Les syndicats et l’emploi
par
Publication : avril 1985
Mise en ligne : 6 mars 2009
L’ EMPLOI repose sur les débouchés,
sur leur extension. Il faut vendre avec profit et toujours davantage.
Mais comment atteindre une clientèle pareillement sollicitée
sur un marché saturé que se disputent, à couteaux
tirés, des douzaines de fournisseurs ? Contre une concurrence
étrangère à bas salaires, les efforts de productivité
sont dérisoirement inefficaces et de même que les fusions,
ils créent des coupes sombres parmi les personnels astreints
à d’angoissantes migrations. En laminant les débouchés,
les hausses de prix imputables aux circuits de la distribution ont sur
l’emploi le même effet. Il n’est plus possible de multiplier les
débouchés au rythme de ce qui sort des ateliers robotisés,
sauf à recourir aux gaspillages, aux armements et aux guerres.

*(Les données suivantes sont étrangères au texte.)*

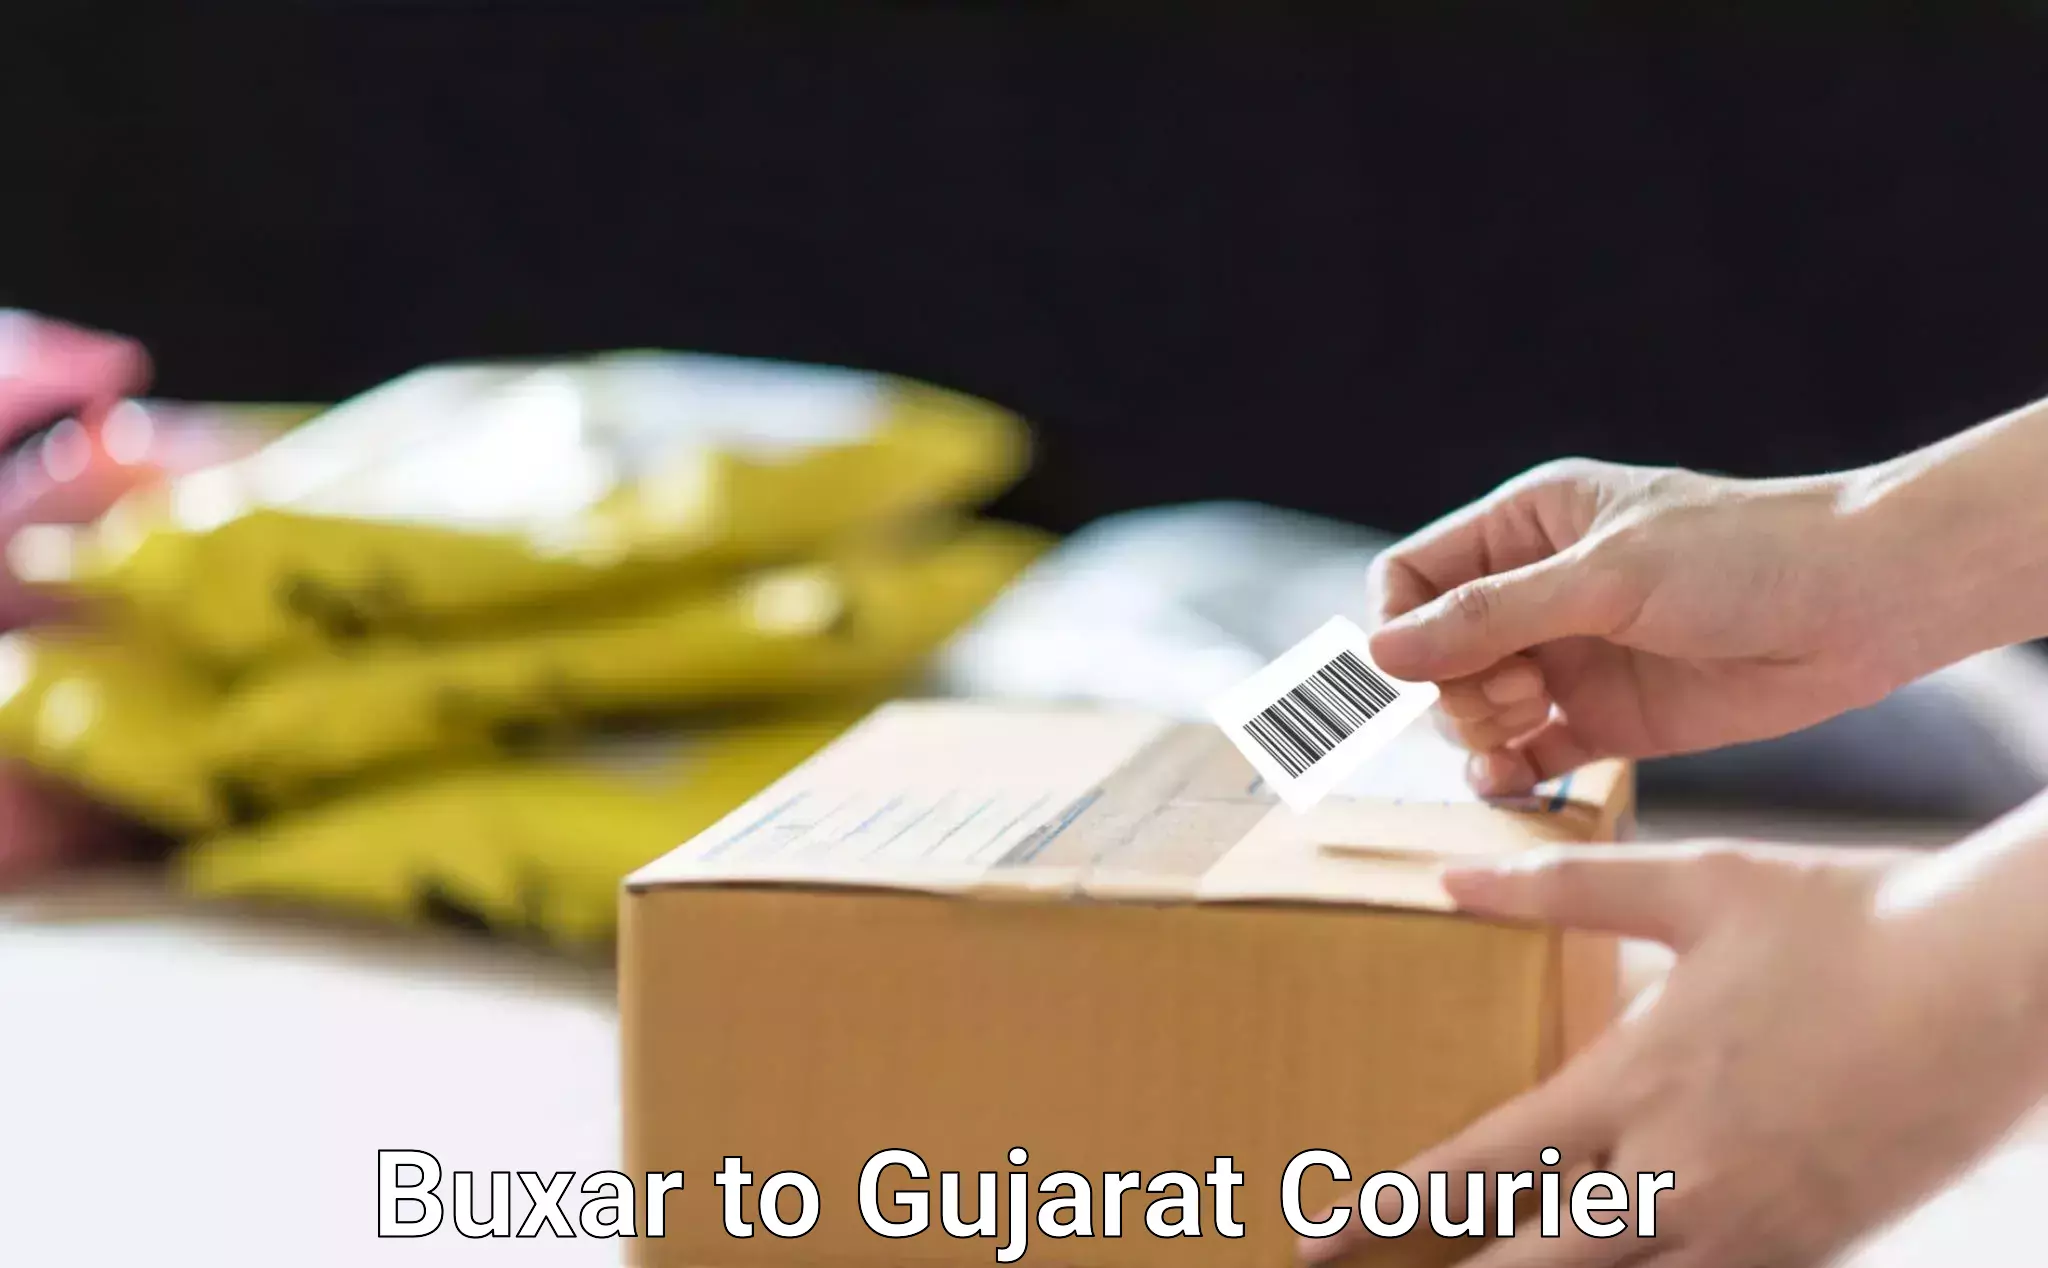 Skilled furniture movers Buxar to Gandhinagar

Autre solution pour occuper les chômeurs : un retour à
l’artisanat, à l’ère de la brouette, ou encore les travaux
d’utilité collective mais dont le financement pose problème.

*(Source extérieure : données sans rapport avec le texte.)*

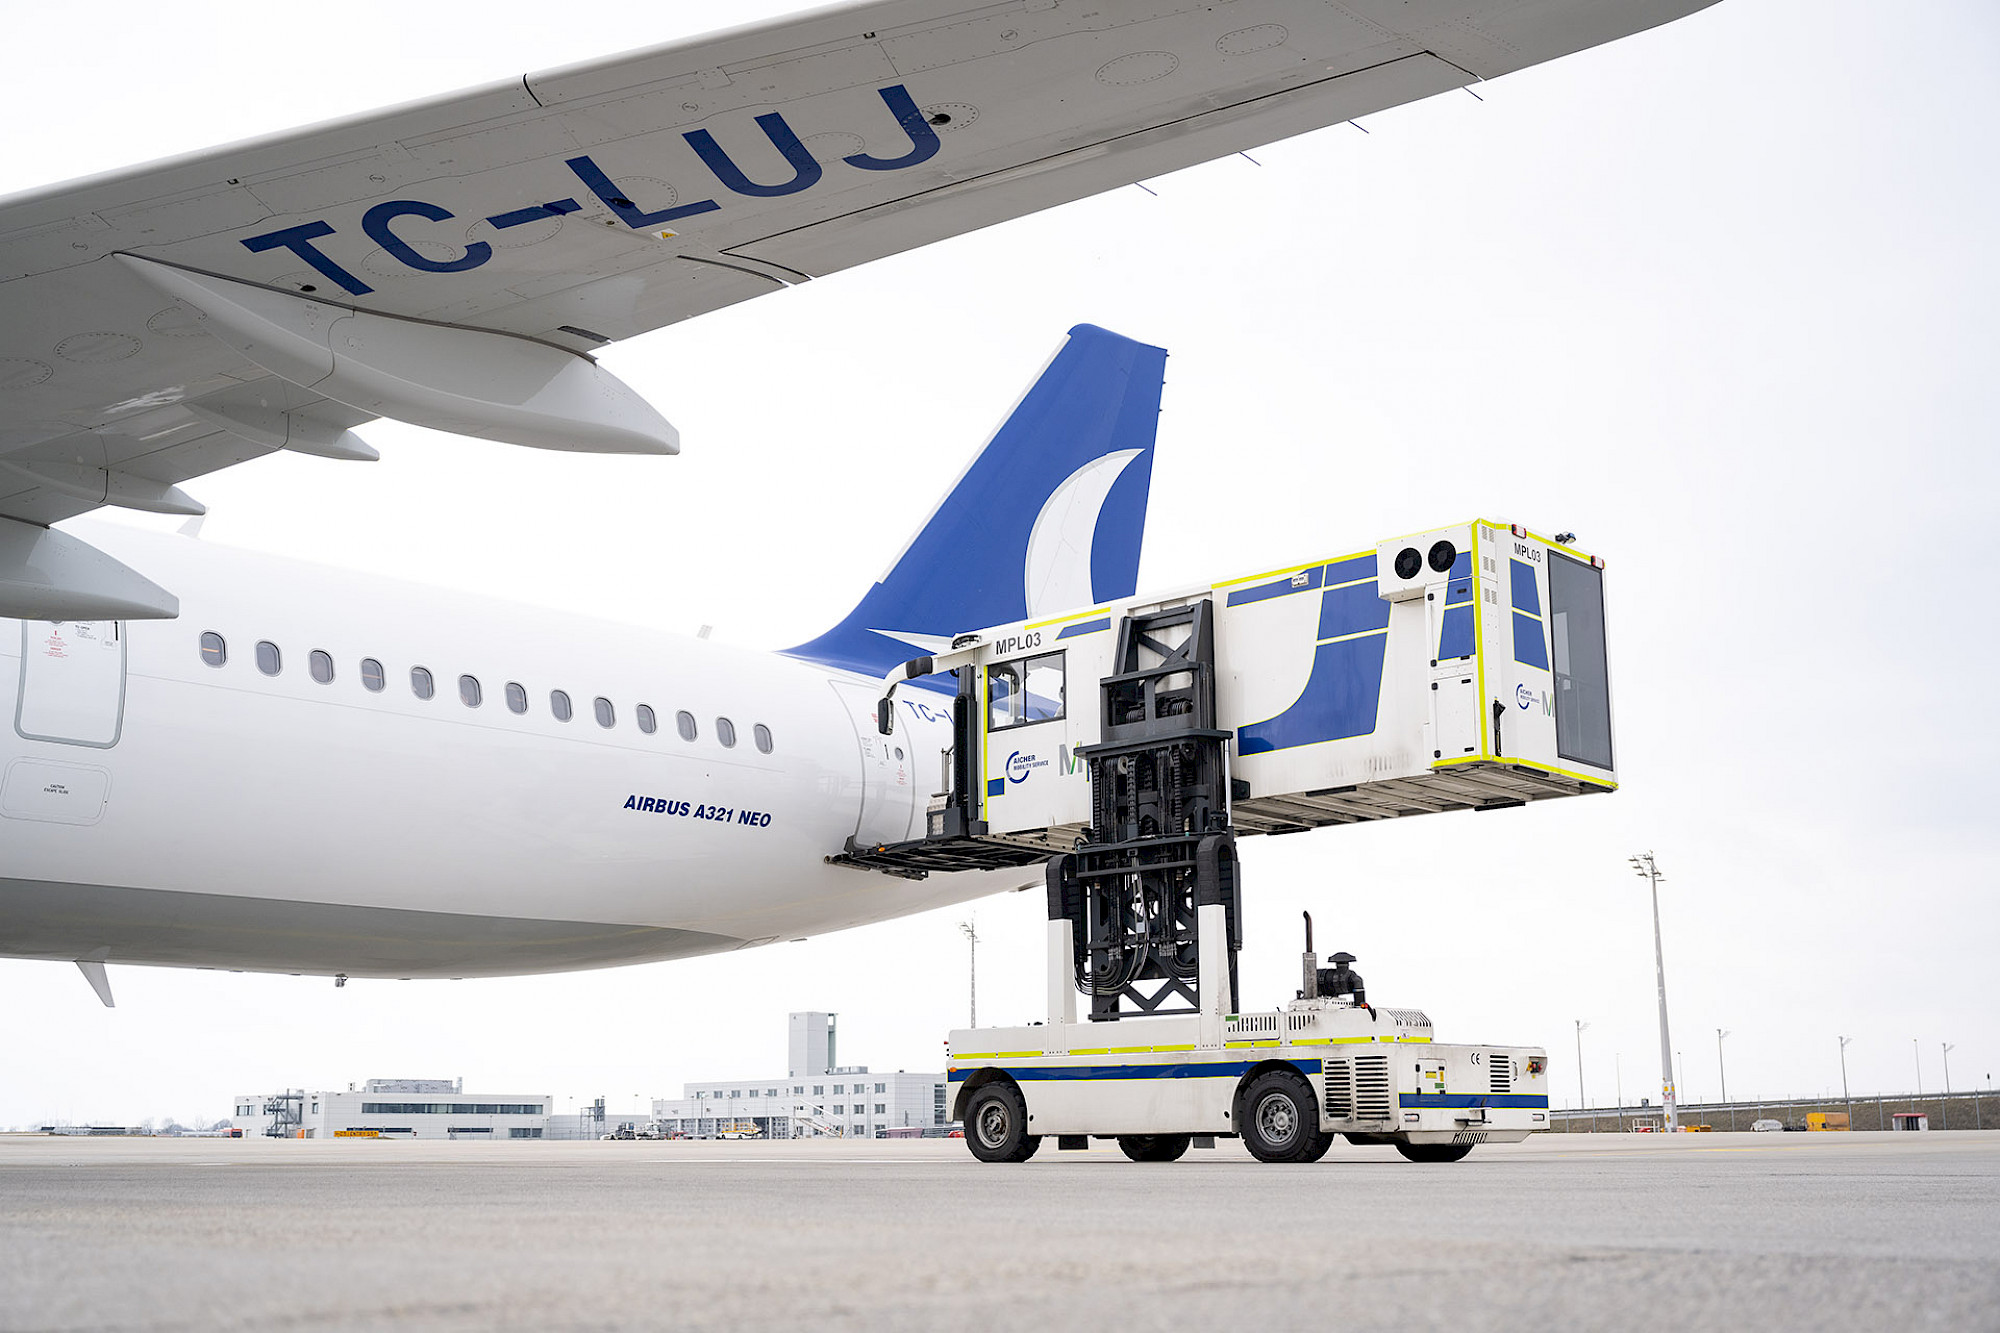 Ein Hublifter für das sichere Anheben von Rollstühlen dockt an den Eingang eines Airbus an.

Telles sont les données incontournables auxquelles se heurtent
les Syndicats pris à leur propre piège, enferrés
dans une impasse, refusant tout dialogue avec les « utopistes
». Les soupes populaires ? Une réponse au chômage,
un pis-aller que chacun s’accorde à trouver préférable
à une révolution économique, pourtant inéluctable,
mais constamment différée à seule fin de préserver
les menus et précaires privilèges d’une minorité
vivant du profit et des manipulations monétaires, du commerce
du crédit, de l’exploitation du travail et du besoin.
Cette crise de débouchés qui rejaillit au niveau de l’emploi
est née de l’inadéquation de l’outil monétaire
aux situations de pléthore devenues permanentes. Dissociant les
revenus du niveau des prix et de la durée de l’emploi, un système
à monnaie de consommation élargit la consommation aux
limites de la production tout en allégeant le travail de chacun
sans perte de revenus. Il est grand temps pour les centres de réflexion,
conseillers des gouvernements, de prendre en considération ces
vues dont le caractère « utopique » tient seulement
à l’obstruction orchestrée par les camarillas conservatrices
à l’égard des idées non conformistes, non cataloguées.
En exergue, ces extraits d’une anthologie tirée des ouvrages
de J. Duboin :
« Quand il n’est plus nécessaire de payer un travailleur
pour qu’il produise, l’Etat doit le payer pour qu’il consomme. »
« Il serait plus facile de faire consommer le surplus de la production
par les chômeurs que de faire absorber les chômeurs par
une production qui n’a plus besoin d’eux. »
« Curieuse monnaie que celle qui empêche à la fois
de consommer et de produire ! » De l’hébreu pour tous ceux-là
qui persistent à marcher sur la tête.